Battleforge: The First DX11 Game

As we mentioned in our 5870 review, Electronic Arts pushed out the DX11 update for Battleforge the day before the 5870 launched. As we had already left for Intel’s Fall IDF we were unable to take a look at it at the time, so now we finally have the chance.

Being the first DX11 title, Battleforge makes very limited use of DX11’s features given that the hardware and the software are still brand-new. The only thing Battleforge uses DX11 for is for Compute Shader 5.0, which replaces the use of pixel shaders for calculating ambient occlusion. Notably, this is not a use that improves the image quality of the game; pixel shaders already do this effect in Battleforge and other games. EA is using the compute shader as a faster way to calculate the ambient occlusion as compared to using a pixel shader.

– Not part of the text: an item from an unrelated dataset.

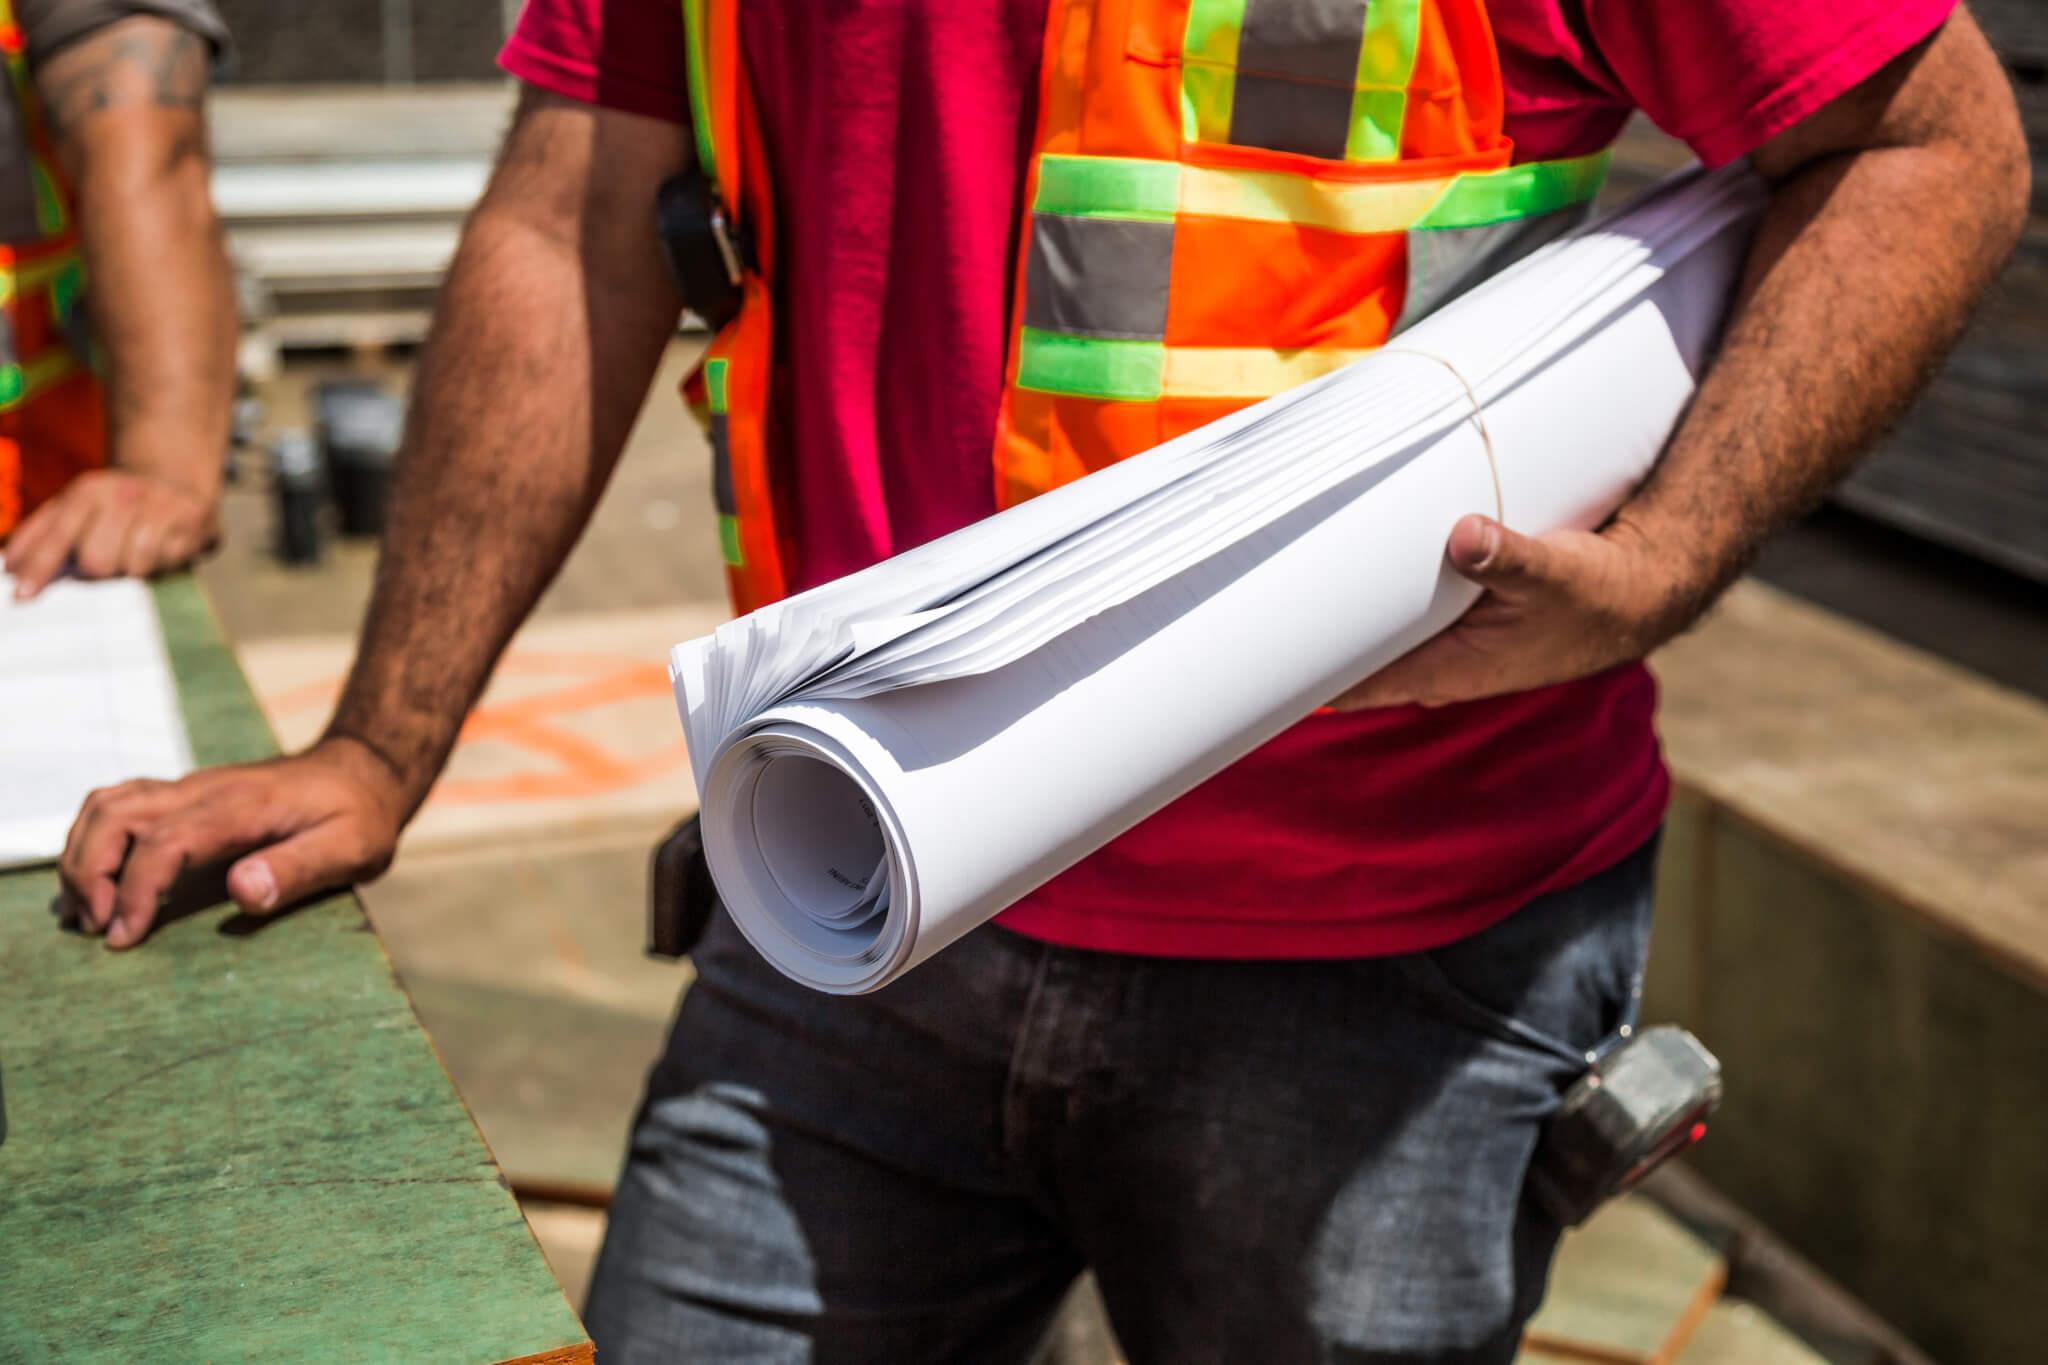 Construção civil  Principais Equipamentos de Proteção Individual Usados 4547427c89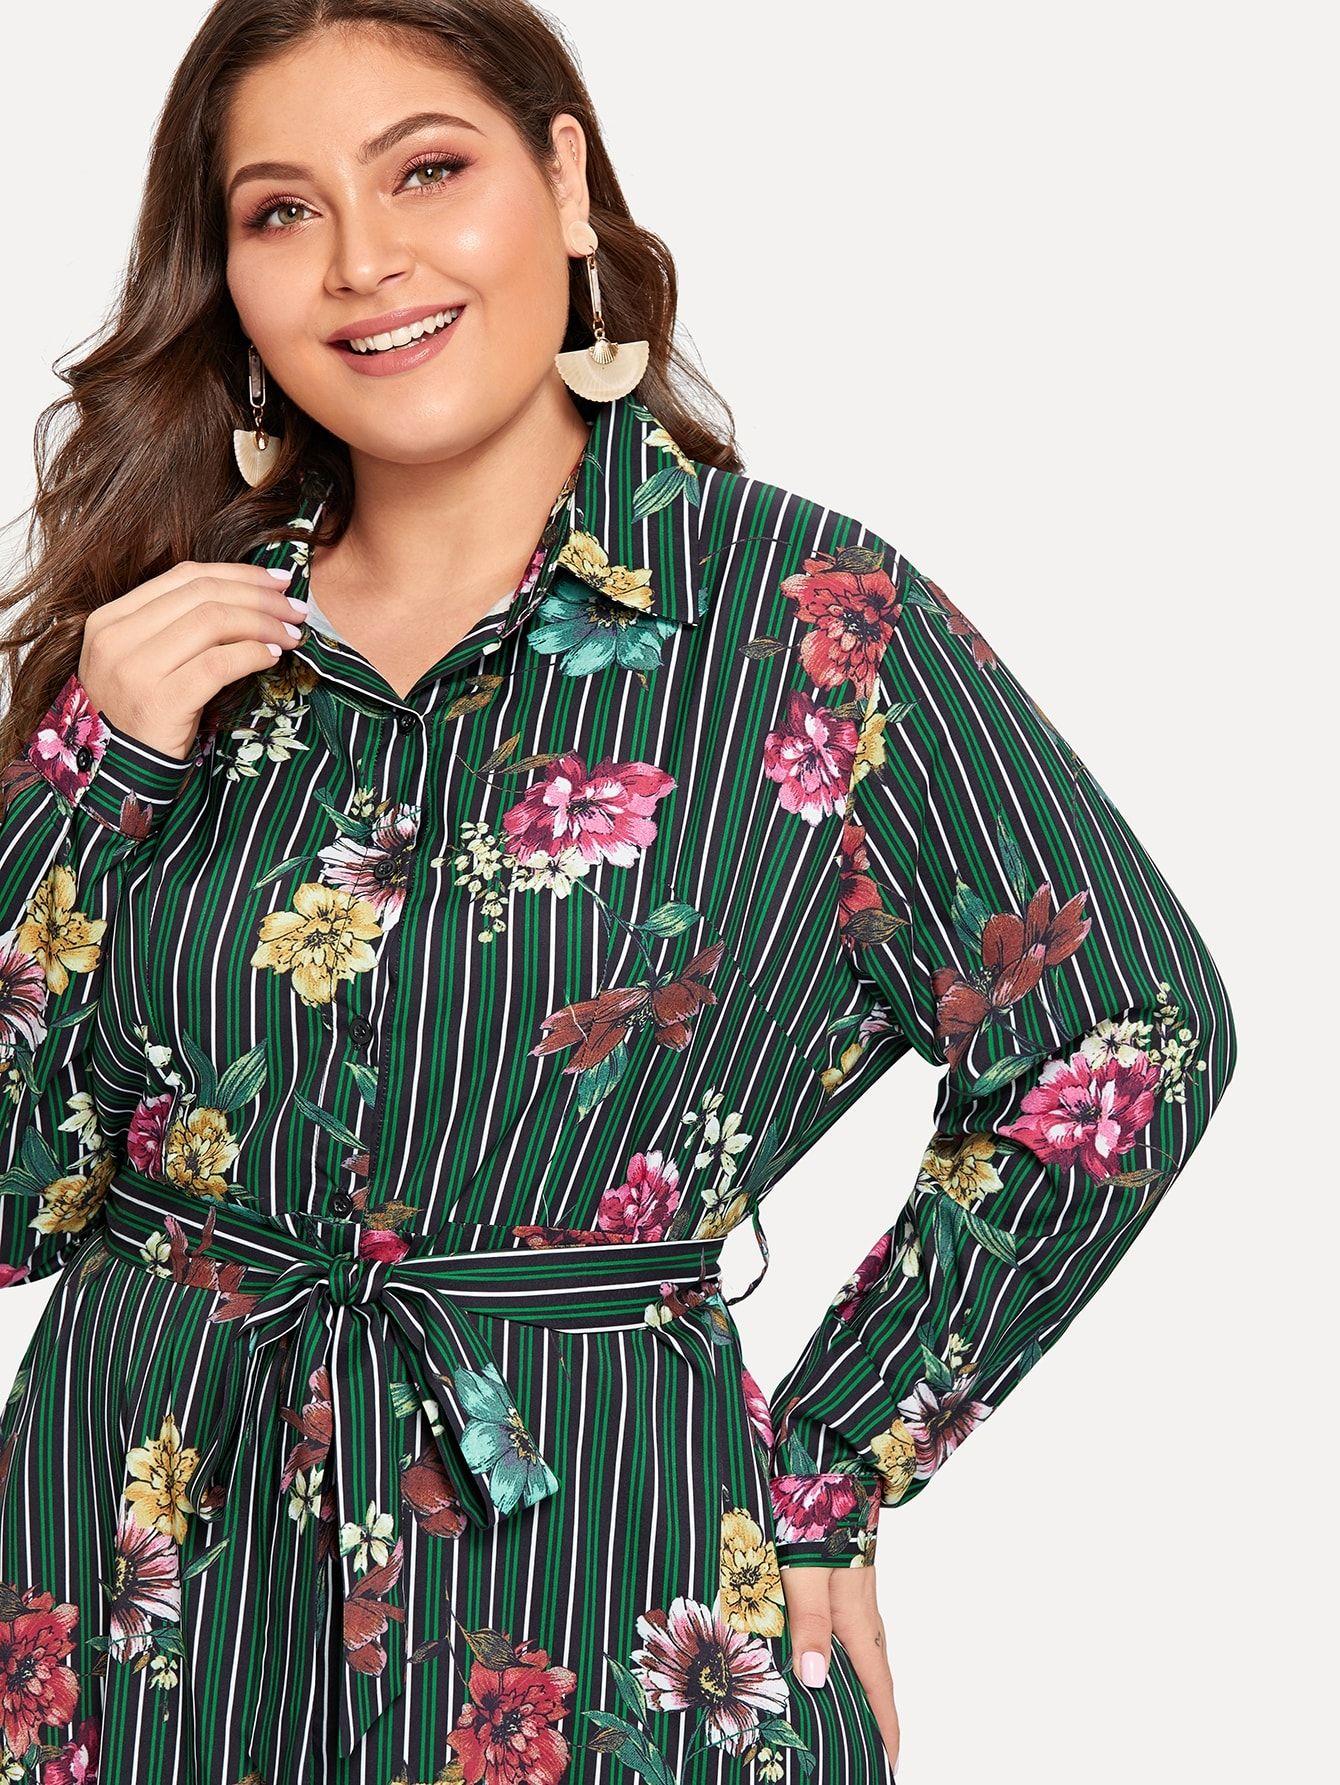 b8d9a7eb668 Plus Floral Print Striped Shirt Dress Print Floral Striped

The use of various DX11 features to improve performance is something we’re going to see in more games than just Battleforge as additional titles pick up DX11, so this isn’t in any way an unusual use of DX11. Effectively anything can be done with existing pixel, vertex, and geometry shaders (we’ll skip the discussion of Turing completeness), just not at an appropriate speed. The fixed-function tessellater is faster than the geometry shader for tessellating objects, and in certain situations like ambient occlusion the compute shader is going to be faster than the pixel shader.

We ran Battleforge both with DX10/10.1 (pixel shader SSAO) and DX11 (compute shader SSAO) and with and without SSAO to look at the performance difference.

Update: We've finally identified the issue with our results. We've re-run the 5850, and now things make much more sense.

As Battleforge only uses the compute shader for SSAO, there is no difference in performance between DX11 and DX10.1 when we leave SSAO off. So the real magic here is when we enable SSAO, in this case we crank it up to Very High, which clobbers all the cards as a pixel shader.

The difference from in using a compute shader is that the performance hit of SSAO is significantly reduced. As a DX10.1 pixel shader it lobs off 35% of the performance of our 5850. But calculated using a compute shader, and that hit becomes 25%. Or to put it another way, switching from a DX10.1 pixel shader to a DX11 compute shader improved performance by 23% when using SSAO. This is what the DX11 compute shader will initially be making possible: allowing developers to go ahead and use effects that would be too slow on earlier hardware.

Our only big question at this point is whether a DX11 compute shader is really necessary here, or if a DX10/10.1 compute shader could do the job. We know there are some significant additional features available in the DX11 compute shader, but it's not at all clear on when they're necessary. In this case Battleforge is an AMD-sponsored showcase title, so take an appropriate quantity of salt when it comes to this matter - other titles may not produce similar results

At any rate, even with the lighter performance penalty from using the compute shader, 25% for SSAO is nothing to sneeze at. AMD’s press shot is one of the best case scenarios for the use of SSAO in Battleforge, and in the game it’s very hard to notice. For the 25% drop in performance, it’s hard to justify the slightly improved visuals.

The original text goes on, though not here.